Limitations & Future Work

  • Only five steganographic schemes are evaluated, all using publicly available models and weights; generalization to unknown architectures remains unverified.
  • The PCA component selection (components 9 and 11) results from a grid search on specific schemes; optimal components may vary across methods.
  • Adversarial settings are not considered—it is unclear whether the ICA method remains effective if an undetectability loss is incorporated into the steganographic training objective.
  • Experiments are limited to a fixed resolution of 512×512; the effect of varying resolutions is unexplored.

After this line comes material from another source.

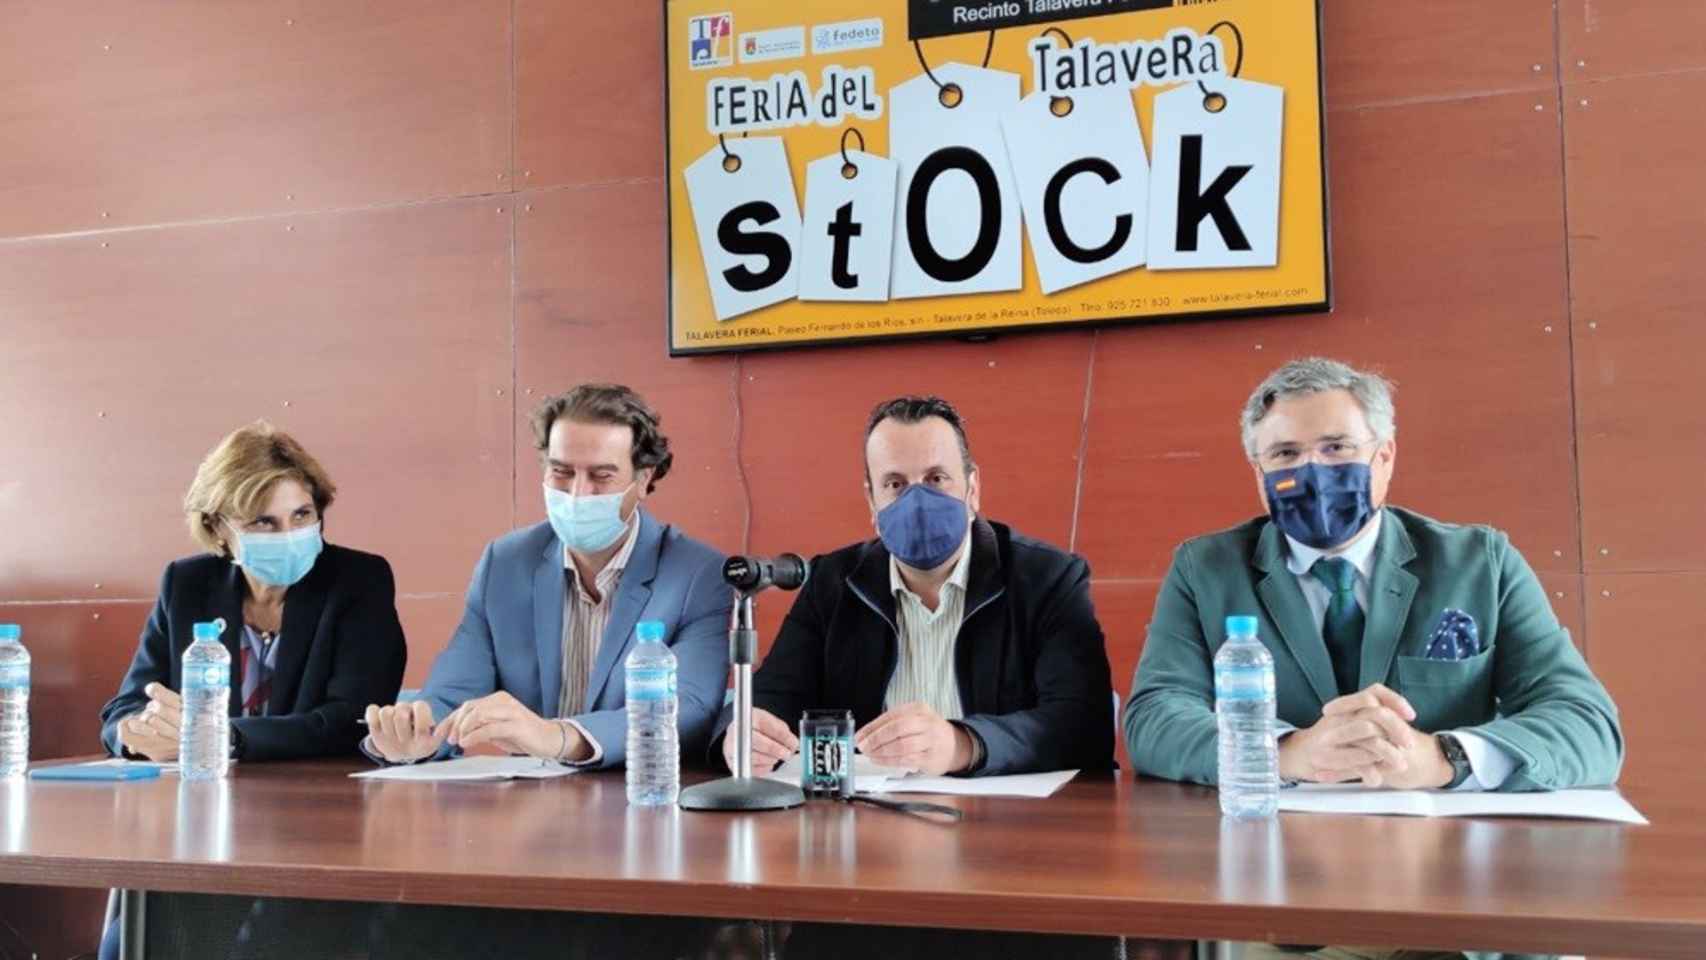 Talavera Ferial recupera su actividad con la Feria del Stock

  • The ICA method shows limited effectiveness against pixel-domain schemes such as Baluja (61.83%), indicating greater sensitivity to DWT-domain operations.

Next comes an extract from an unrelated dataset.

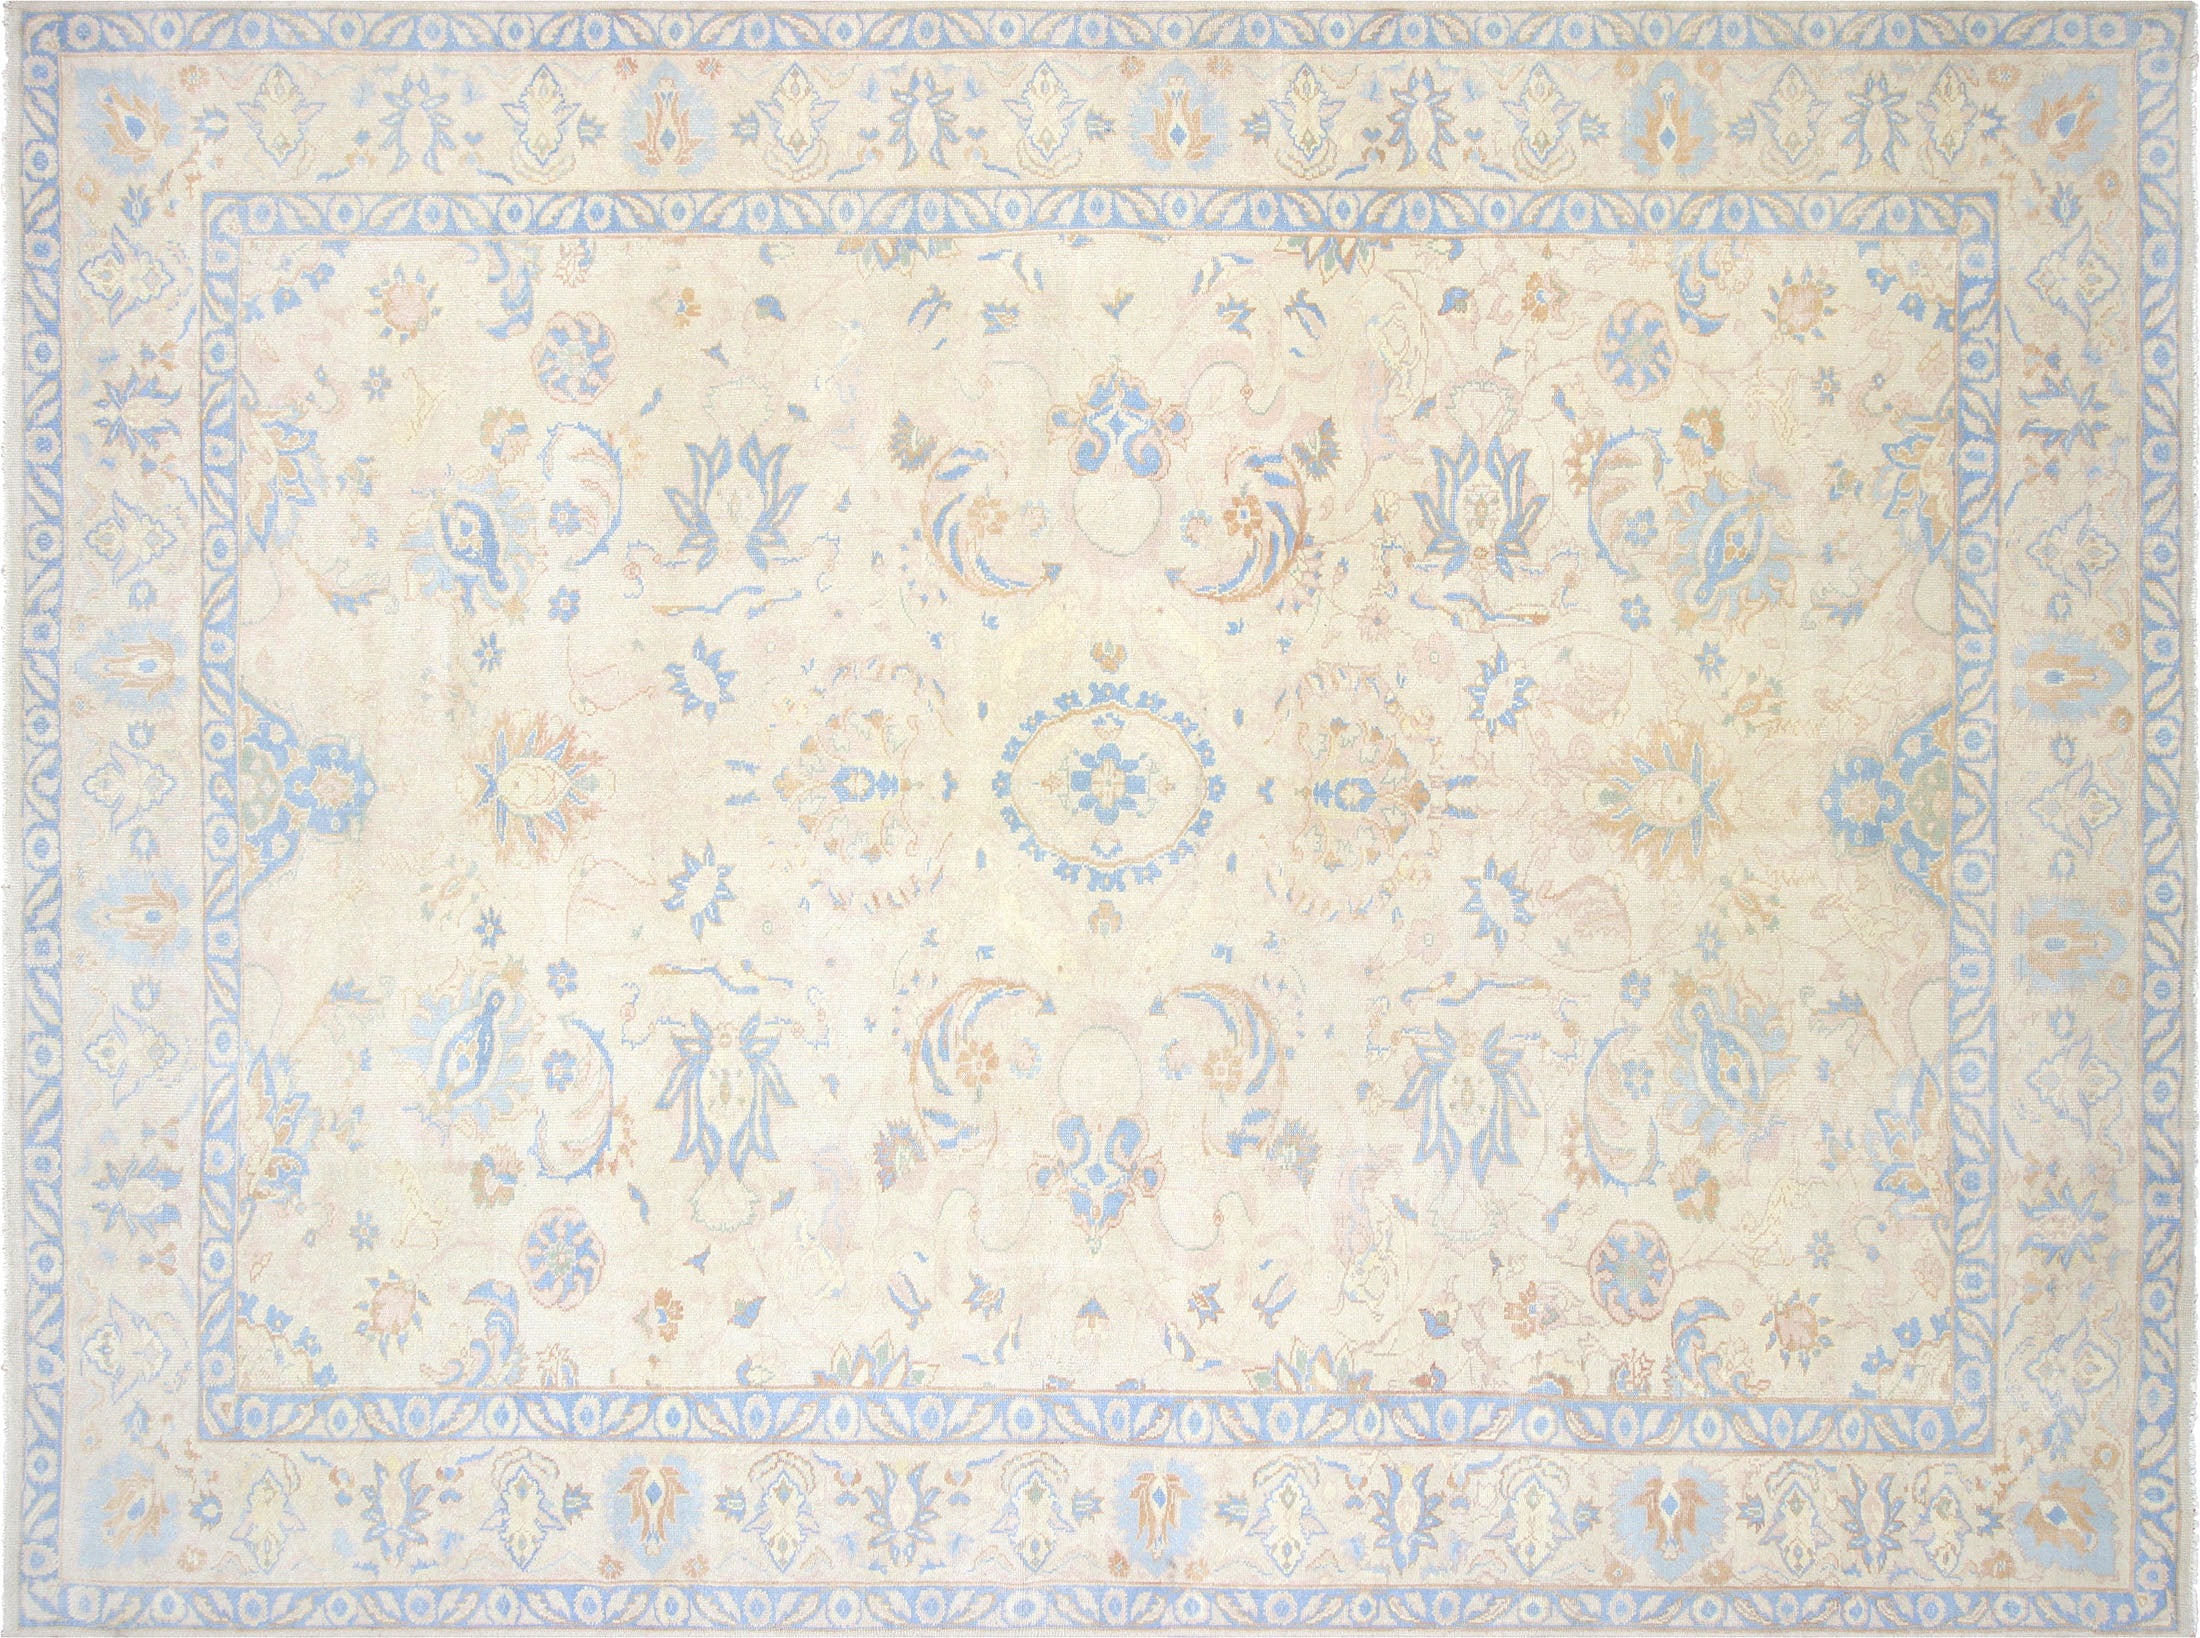 Vintage Turkish Oushak Carpet - 11'7" x 15'6"

  • vs. Peng et al. (ICASSP 2024): The only prior work in this area, which trains a surrogate model to extract the payload via supervised learning; it requires substantial training data and lacks interpretability. The proposed method uses unsupervised ICA with a simple SVM, offering far superior interpretability.

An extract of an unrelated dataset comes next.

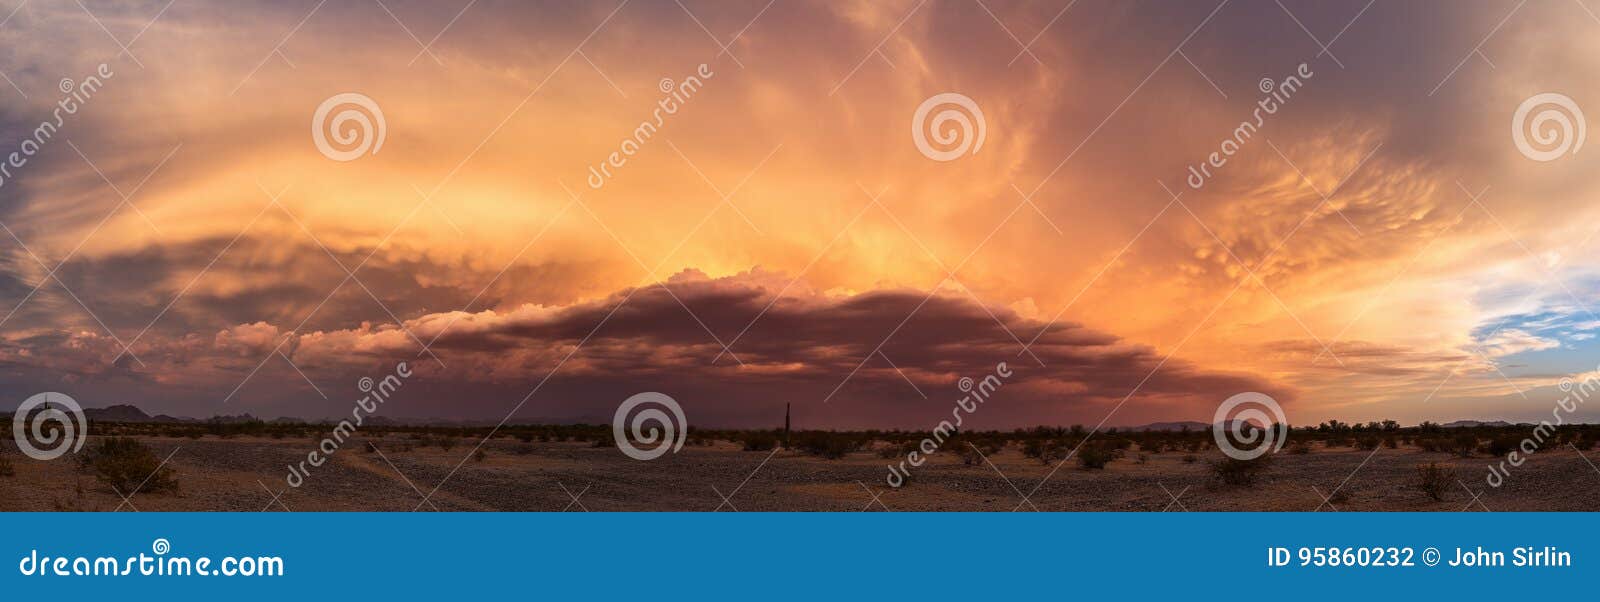 arizona monsoon sunset panorama

  • vs. Security claims of HiNet/PRIS: These papers report low detection rates using specifically configured classical steganalysis methods, yet SRM+SVM achieves 99%+—their security claims are not credible.
  • vs. Traditional steganography (e.g., LSB): Traditional schemes operate at much lower embedding rates and benefit from mature security designs such as adaptive embedding. This paper demonstrates that high-capacity schemes must pay a fundamental security cost.

Rating

  • Novelty: ⭐⭐⭐⭐ Analyzing INN steganographic security from an ICA/blind source separation perspective is a genuinely novel angle; the tools are classical, but their combination is innovative.
  • Experimental Thoroughness: ⭐⭐⭐ Comparison across five schemes is adequate, but generalization experiments across different resolutions and datasets are absent.
  • Writing Quality: ⭐⭐⭐⭐⭐ The paper is concise and well-structured; the motivation at each step is clearly articulated and the overall readability is excellent.
  • Value: ⭐⭐⭐⭐ The work carries an important cautionary message for the steganographic security community and is likely to motivate the design of more secure steganographic schemes.